Oh kekasihku,
Bagaimana mungkin ini semua akan terlupakan
Sedangkan kau masih terpatri dalam hatiku
Begitu pula diriku, masih terpaut dalam hatimu jua yang murni itu
Meski skizofrenia telah merenggutmu dariku, Anastasyaku,
Kau tetap senja terindah dalam hidupku,
Jingga, sendu, dan mengharu..
(
2012.
Lelaki itu, duduk terpaku dilorong rumah sakit. Seluruh bagian tubuhnya berasa hancur untuk pertama kalinya. Pikirannya kalut. Memori-memori di otaknya seakan seperti berputar-putar dalam kepalanya. Dokter yang baru saja ditemuinya telah mendiagnosa Anastasya, kekasihnya, dengan diagnosis schizophrenia paranoid. Ia begitu terguncang mendengar diagnosa dokter itu. Anastasya, kekasihnya, istrinya, yang baru ia nikahi 3 bulan yang lalu, yang ia pacari dulu 4tahun yang lalu, bagaimana bisa skizofrenia merenggut Anastasya dari lelaki itu.. Merenggut semua ingatannya, merenggut kehidupannya yang indah itu, dan merenggut senyuman mungilnya yang syahdu. Ia begitu tak mengira bahwa segala kemarahan kekasihnya itu, tuduhan-tuduhannya kala itu adaalah pertanda. Bagaimana mungkin ia baru menyadari tentang perubahan sikap kekasihnya itu setelah 3 bulan terakhir sebelum dokter mendiagnosanya dengan schizophrenia atau yang orang-orang katakan dengan begitu jijiknya menyebut penyakit gila. Ah ini bukan saatnya menghiraukan apa yang orang bicarakan, pikirnya.
•
2009
Perempuan itu tertawa riang dibawah pohon rindang bersama seorang lelaki. Perempuan itu cantik dengan satu lesung pipit di pipi kanannya yang mungil. Mereka bercengkrama dengan penuh senyum indah yang mengembang di sudut bibirnya. Kala itu langit menunjukkan pesonanya, dengan jingga dan turut berkompromi dengan anginn yang membelai lembut disela-sela rambut hitam perempuan itu, Anastasya.

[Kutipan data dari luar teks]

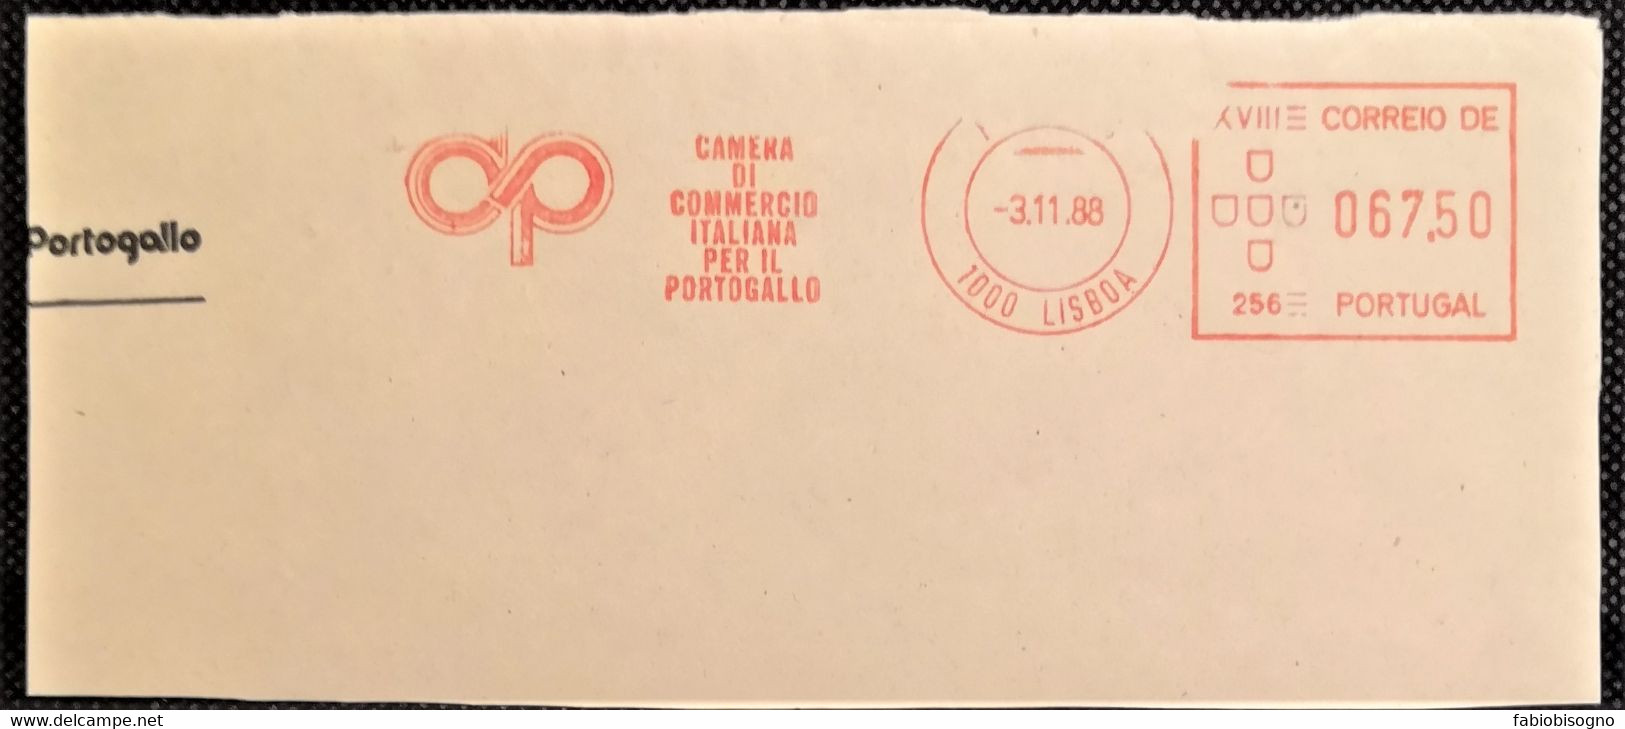 Portugal Lisboa 1988 - Camera Di Commercio Italiana Per Il Portogallo - EMA Meter Freistempel Fragment - Frankeermachines (EMA)

Lelaki disampingnya, Bara, menatap lekat-lekat mata wanita itu. Aku sangat beruntung mencinta dan memilikimu. Gumamnya dalam hati ketika mendengarkan perempuan itu bercerita.
“Kamu tau apa yang membuat senja itu indah?” Tanya nya pada kekasihnya. Dengan ringan Bara pun menggelengkan kepalanya. “Karna senja hanya datang Cuma sekejap. Senja tidak bertahan lama seperti pagi dan malam. Senja tidak akan sepanas ketika siang hari dan tidak sedingin pula ketika malam hari. Senja begitu sederhana. Dan itu yang membuat senja menjadi indah dan itu pula yang membuat kita begitu menghargainya, meskipun datang hanya untuk sekedar menyapa lalu hilang ditelan malam yang datang.” tuturnya dengan senyum hangat dari Anastasya. Bagiku kau yang paling indah Anastasya. Sekali lagi gumamnya dalam hati lelaki itu karna begitu terpesona oleh mata dan senyum kekasihnya.
”dan kamu tau? Aku kira senja itu seperti kebahagiaan dalam hidupku.” Kata Anastasya lagi. Dan Bara mencoba menerka-nerka apa maksudnya.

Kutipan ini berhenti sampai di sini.